__PROBLEM DESCRIPTION__: Repeat the data below in full. Pictures must not be part of the copy.

__COLLECTED MATERIAL__:
——————————
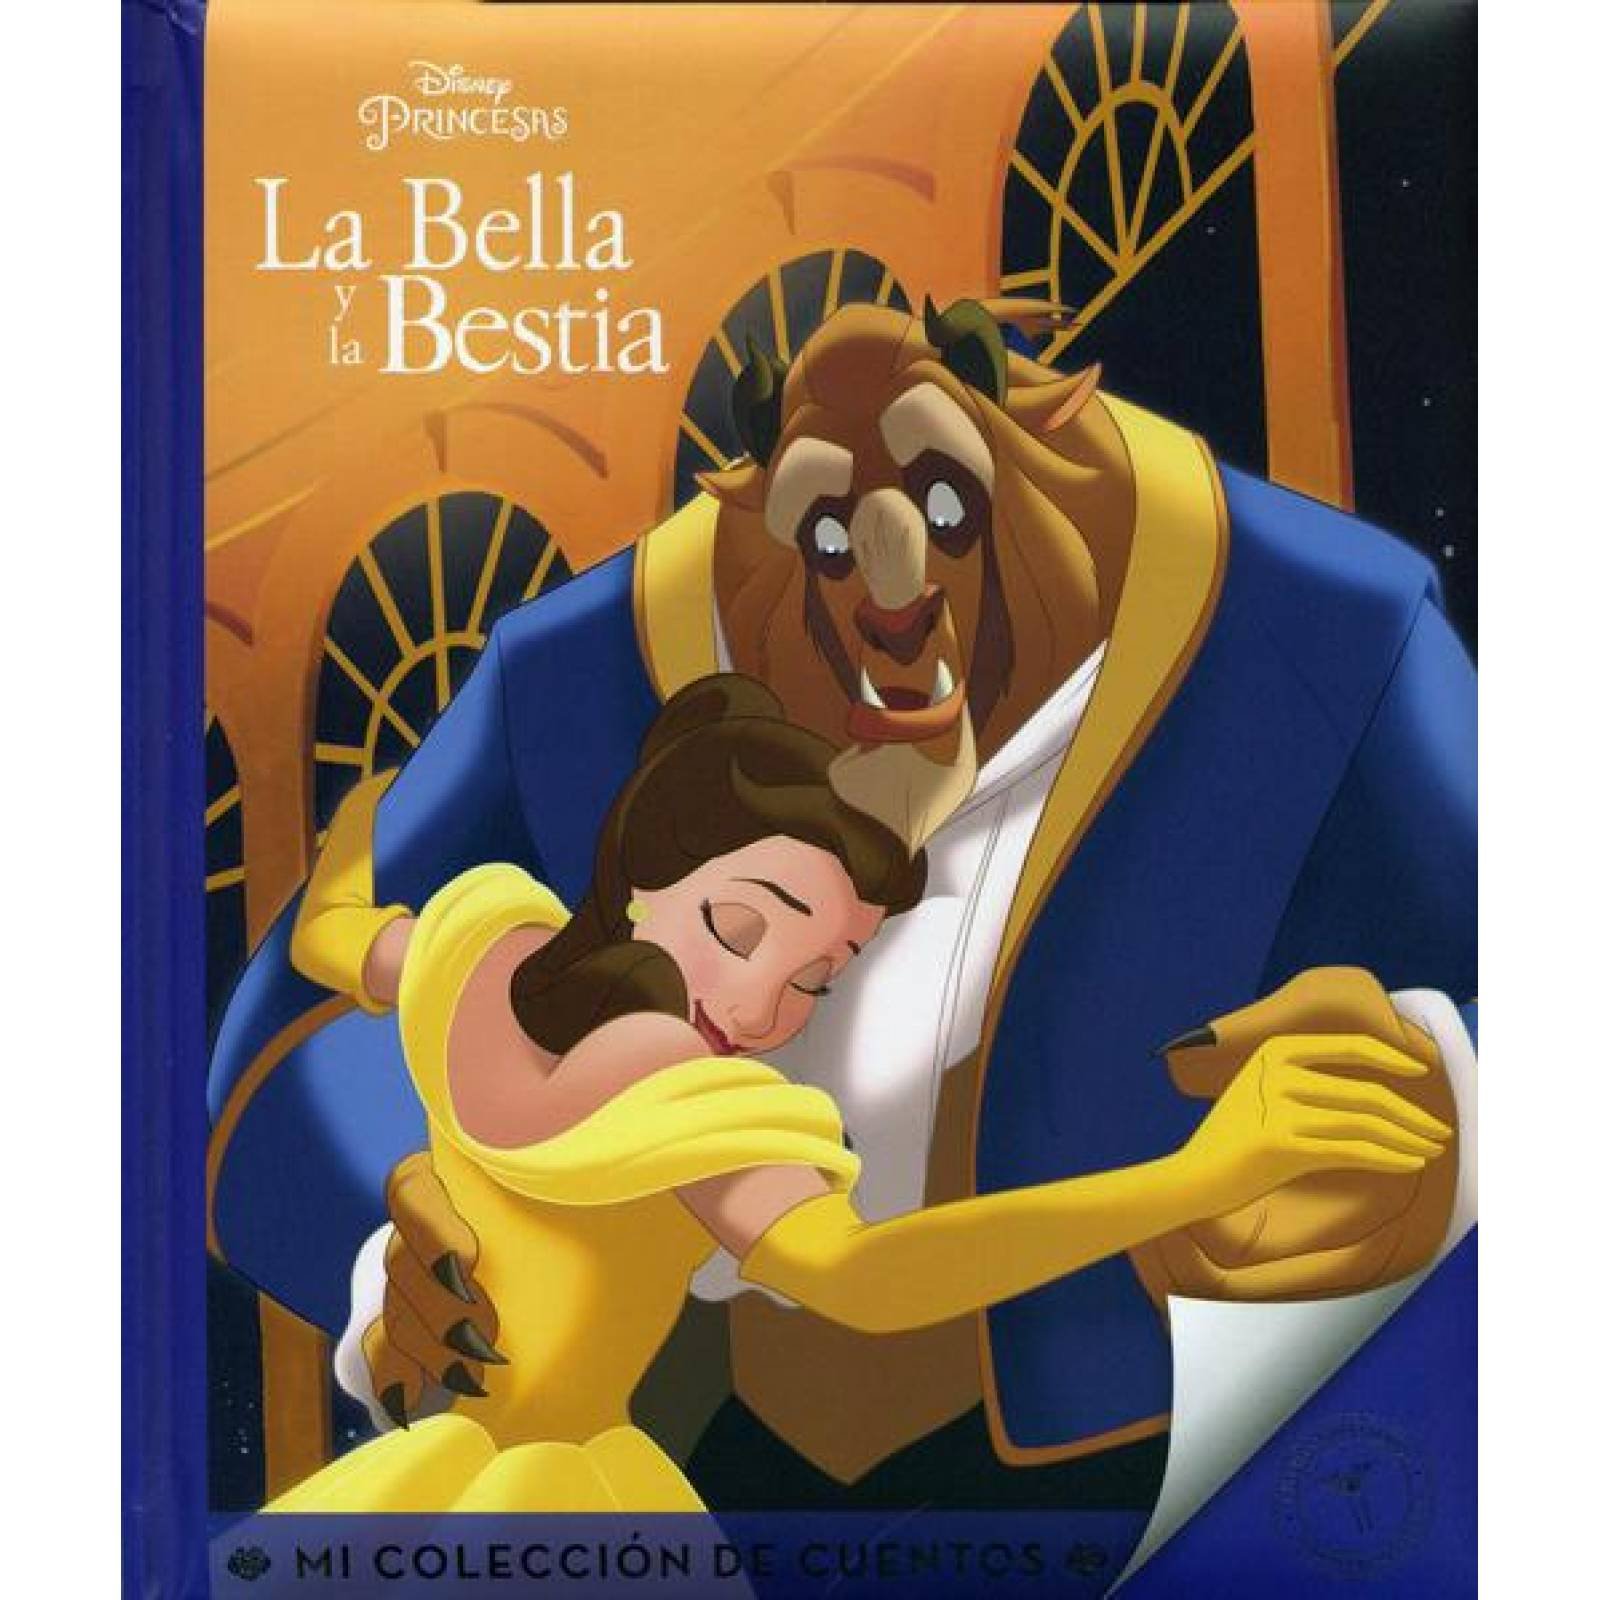 Mi Coleccion De Cuentos: La Bella Y La Bestia 
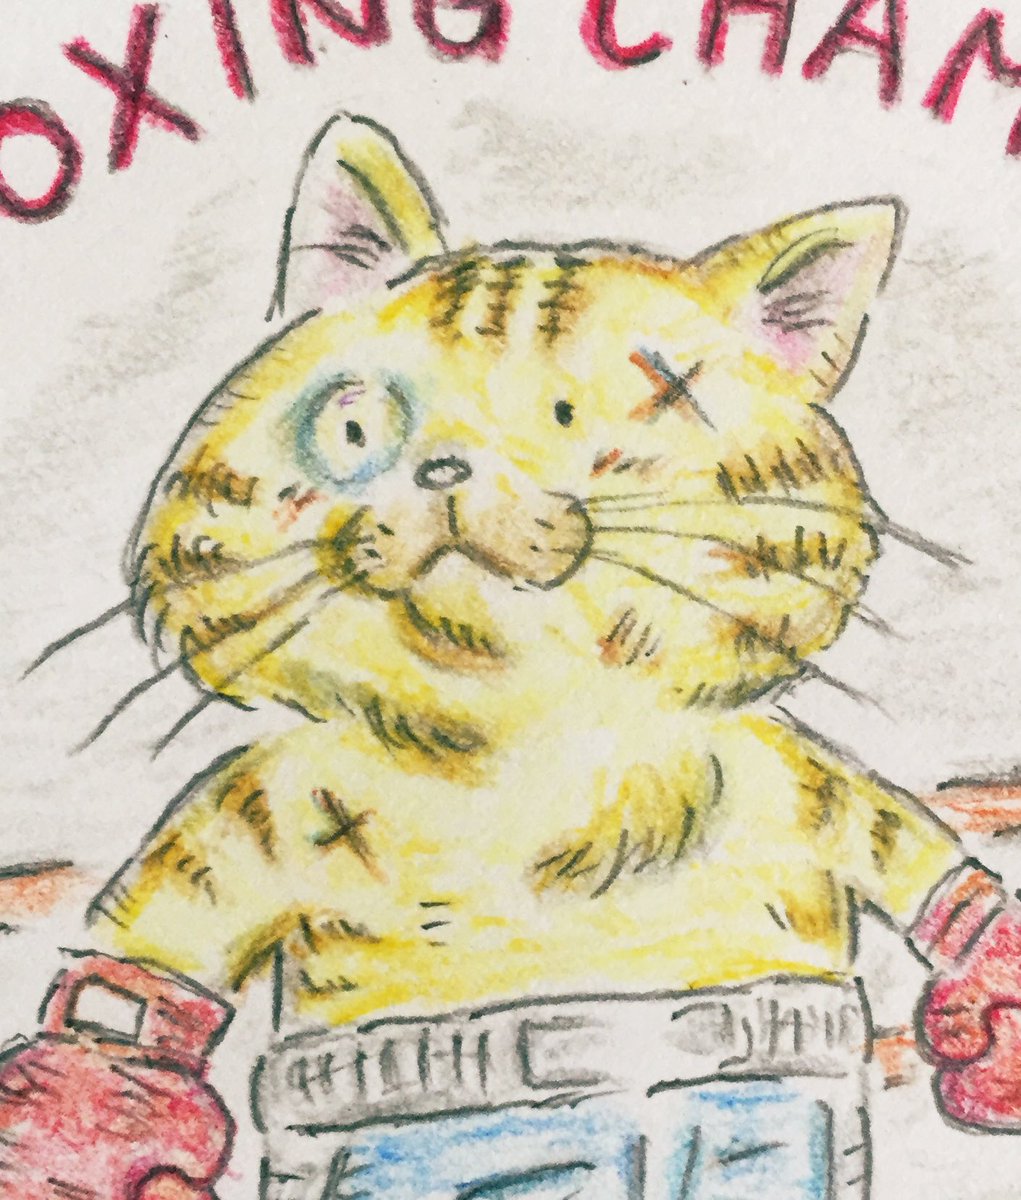 猫界のロッキー?茶トラ君
#猫 #猫イラスト #イラスト
#ロッキーバルボア #boxing #イラスト好きさんと繋がりたい #猫好きさんと繋がりたい #Rocky #猫のいる幸せ
——————————
__COMPLETED EXERCISE__:
 Mi Coleccion De Cuentos: La Bella Y La Bestia 
 猫界のロッキー?茶トラ君
#猫 #猫イラスト #イラスト
#ロッキーバルボア #boxing #イラスト好きさんと繋がりたい #猫好きさんと繋がりたい #Rocky #猫のいる幸せ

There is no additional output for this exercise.